3 min read
SLURM tips and tricks

Your basic jobfile should look like this.

#!/bin/bash

#SBATCH --partition=gpu_a100
#SBATCH --gpus=1
#SBATCH --cpus-per-task=18
#SBATCH --job-name=train
#SBATCH --ntasks=1
#SBATCH --time=10:00:00

source venv/bin/activate
python train.py

Log everything

When you are launching experiments, it is very important to keep track of what you launched (launch script) and the output (both the standard output and standard error). I like to store everything in folders with the job ID as name (that is accessed with %A in the SLURM directives, and SLURM_JOB_ID in the bash script). Then, I keep track of all the job IDs in a spreadsheet.

#SBATCH --output=logs/%A/stdout.txt
#SBATCH --error=logs/%A/stderr.txt

cp $0 logs/${SLURM_JOB_ID}/script.sh

Parallelize everything

If your task is parallelizable, do so. Launching many small jobs is better than launching a big one, because they can run in parallel, and because the scheduler will favour shorter jobs.

Array jobs

In some cases, it is interesting to launch a bunch similar jobs. For example, you might want to generate lots of images to compute the FID score of a diffusion model.

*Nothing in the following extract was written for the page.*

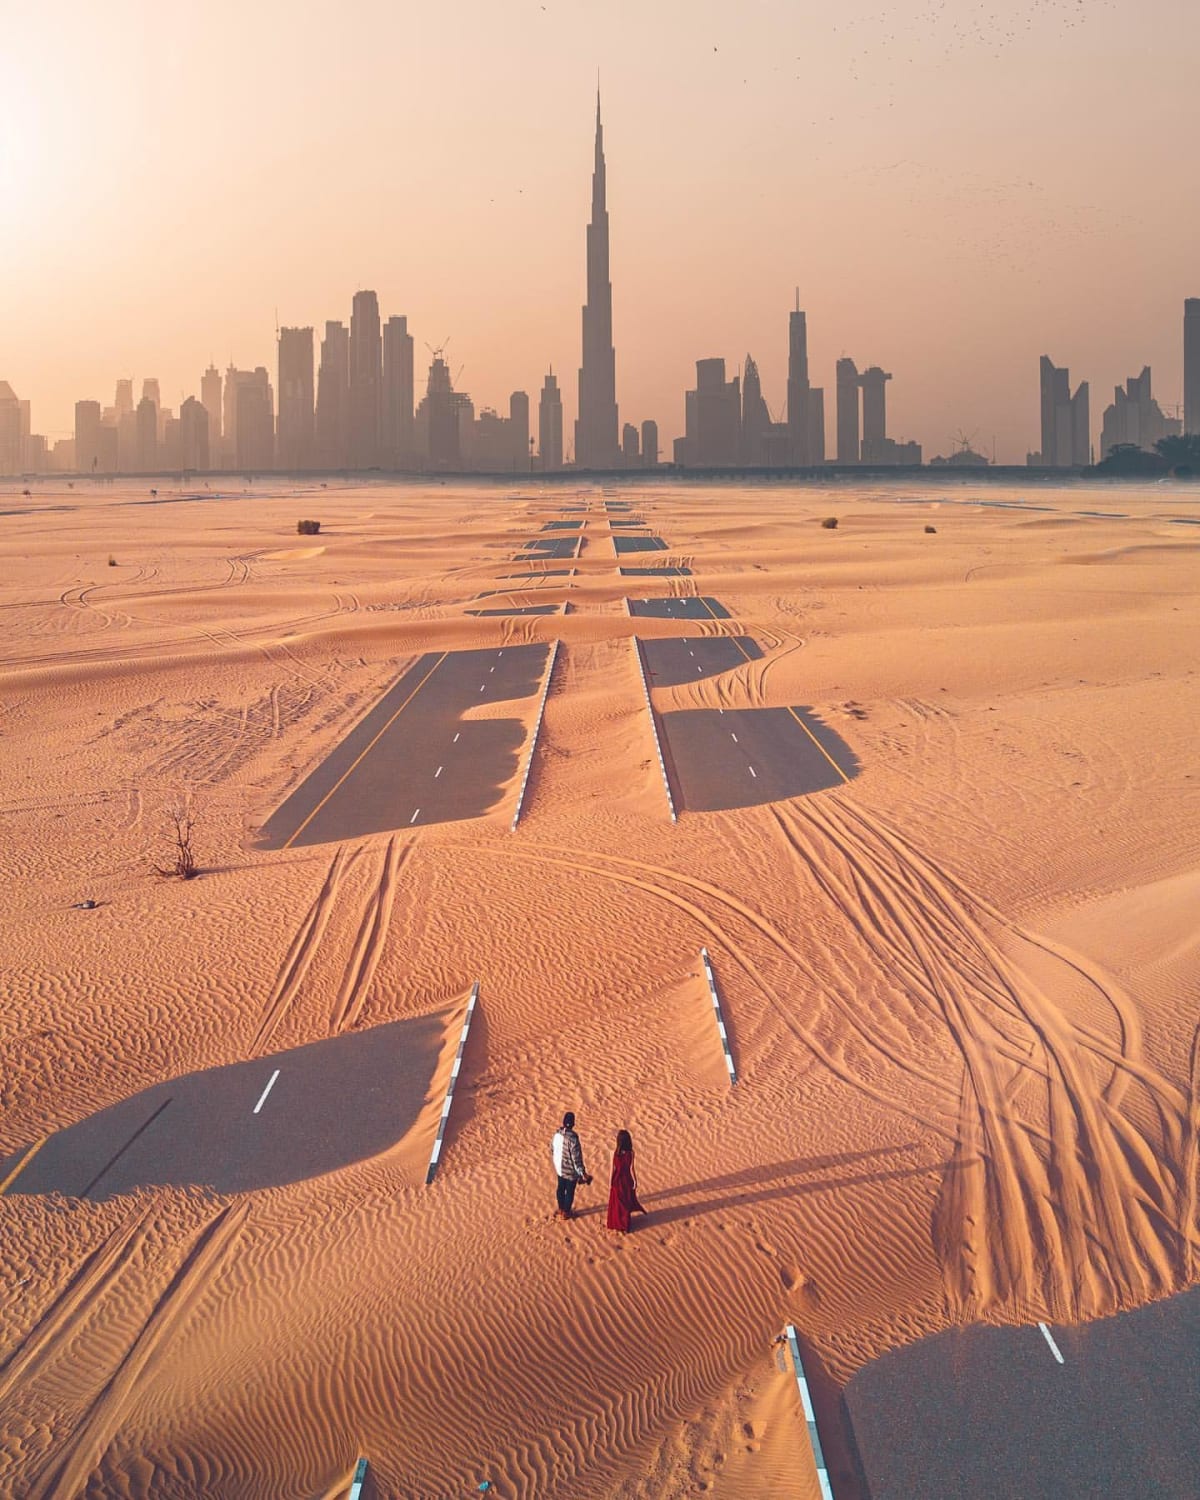 Dubai after a sandstorm

#SBATCH --output=logs/%A_%a/stdout.txt
#SBATCH --error=logs/%A_%a/stderr.txt
#SBATCH --array=1-10

cp $0 logs/${SLURM_ARRAY_JOB_ID}_${SLURM_ARRAY_TASK_ID}/script.sh

source venv/bin/activate
python inference.py \
    --seed ${SLURM_ARRAY_TASK_ID} \
    --output ./samples-${SLURM_ARRAY_TASK_ID}

Notice that in the SBATCH directives, %A and $a correspond to SLURM_ARRAY_JOB_ID and SLURM_ARRAY_TASK_ID in the bash script. Notice also that we are using SLURM_ARRAY_JOB_ID (that is the same for all launched jobs), not SLURM_JOB_ID.

Dependencies

Some jobs need to wait until another is done to start. In those cases, you can do something like this:

#SBATCH --dependency=afterok:123456

Get notified

It can be useful to get an email if your job fails (you might get an OOM exception for example). Instead of ALL, you can use BEGIN, END, FAIL,TIME_LIMIT, TIME_LIMIT_80 (reached 80 percent of the time limit)…

#SBATCH --mail-type=ALL
#SBATCH --mail-user=user1@mail.com,user2@mail.com

Resource monitoring

You can check how many credits you have left with accinfo, how many credits have been used by other users in your account with accuse and the status of the nodes with sinfo --summarize.